Exercise
The full listing, minus its pictures, should be printed again exactly as it stands.

Supplied data

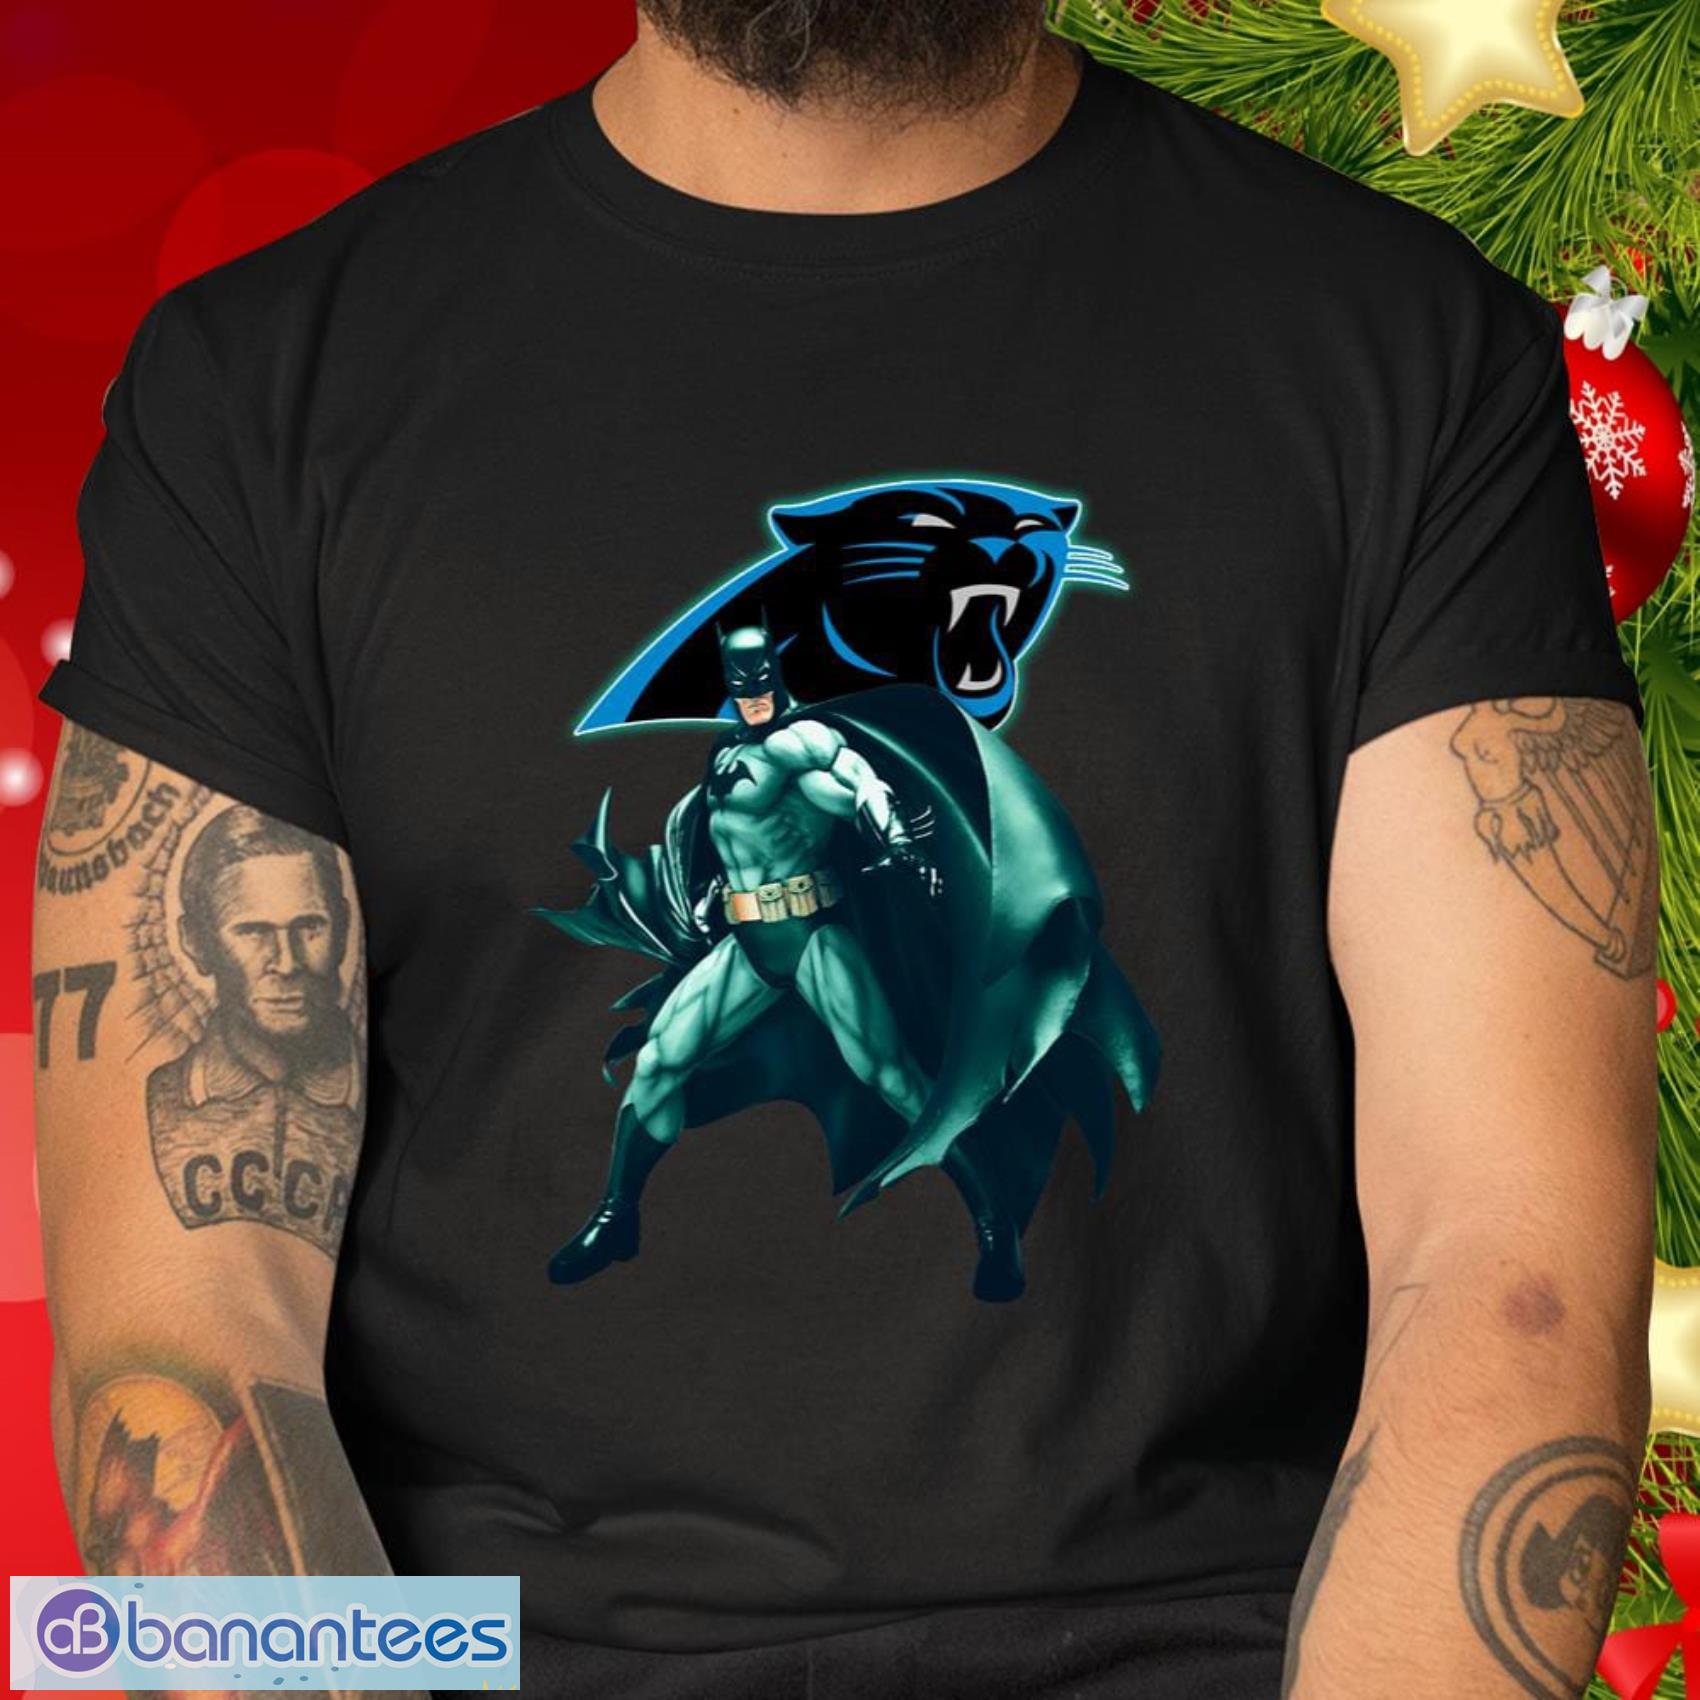 Carolina-Panthers Batman Dc T Shirt Gift For Sport Teams Fans - Carolina-Panthers Batman Dc T Shirt_2
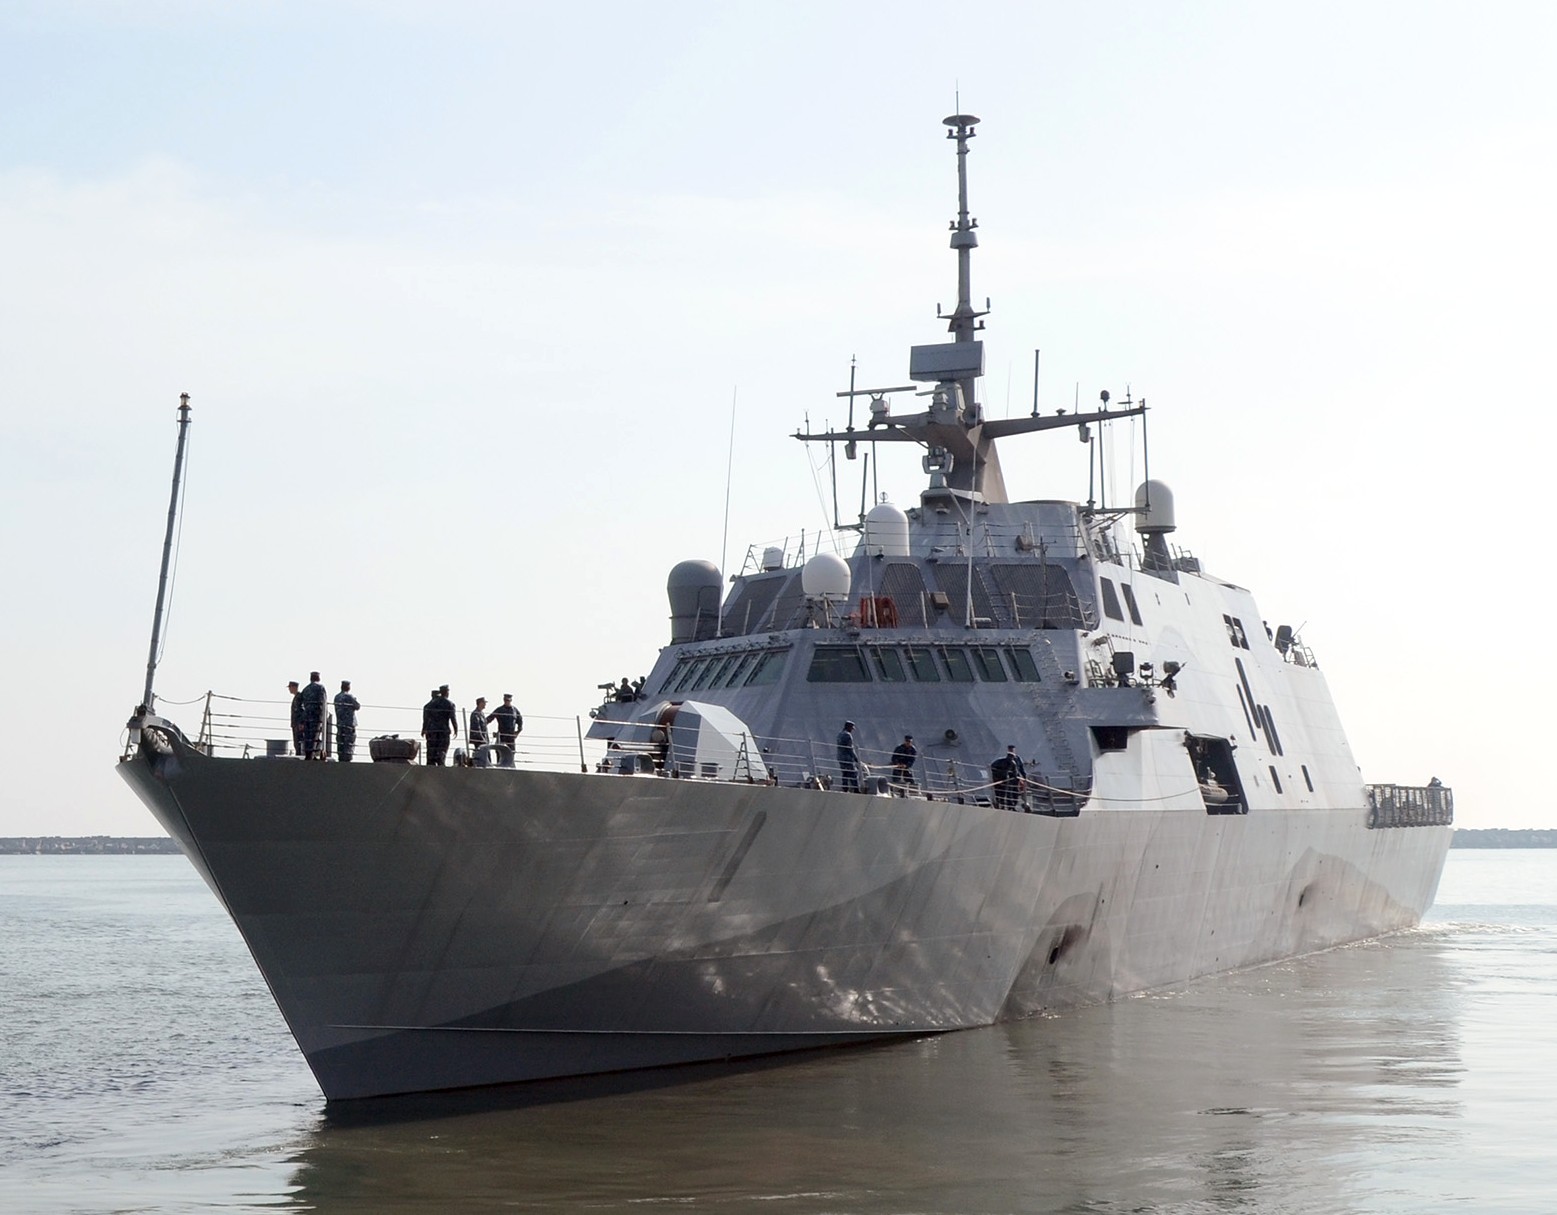 lcs-1 uss freedom class littoral combat ship us navy 30 kuantan malaysia
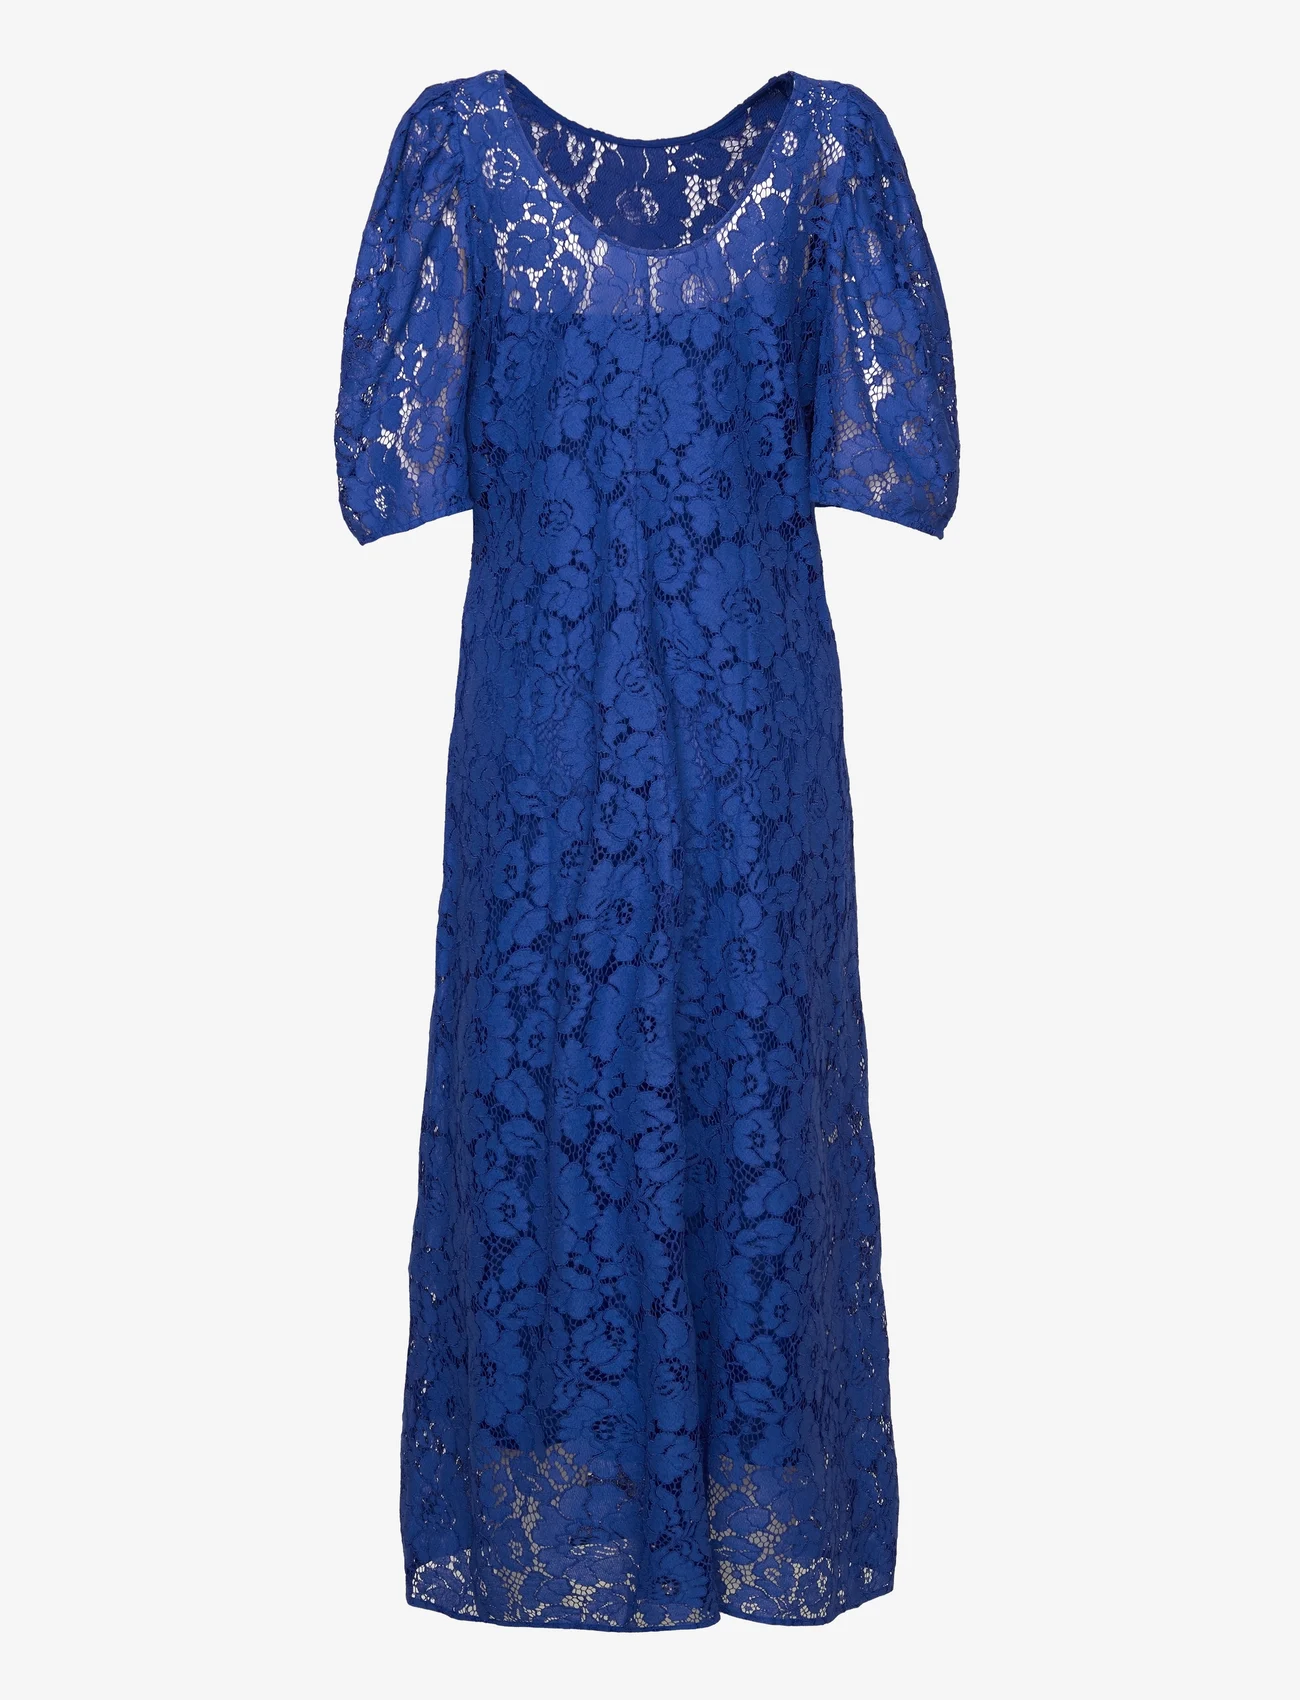 InWear - NabilIW Dress - summer dresses - mazarine blue - 1
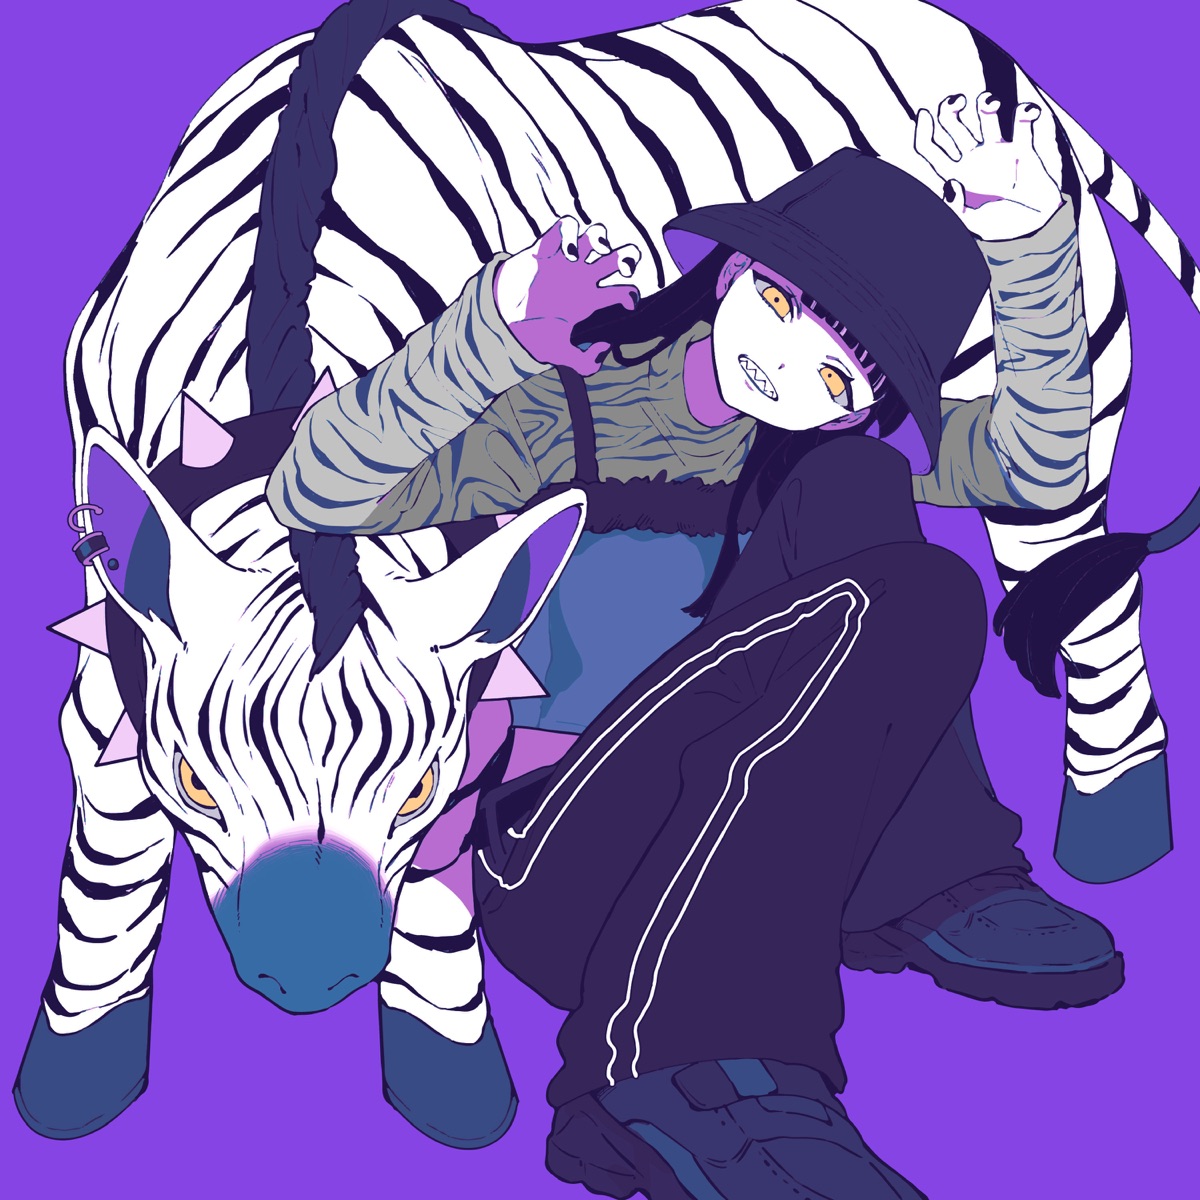 Cover art for『Three - Zebra』from the release『Zebra』

Response to this task
 Carolina-Panthers Batman Dc T Shirt Gift For Sport Teams Fans - Carolina-Panthers Batman Dc T Shirt_2
 lcs-1 uss freedom class littoral combat ship us navy 30 kuantan malaysia
 InWear - NabilIW Dress - summer dresses - mazarine blue - 1
 Cover art for『Three - Zebra』from the release『Zebra』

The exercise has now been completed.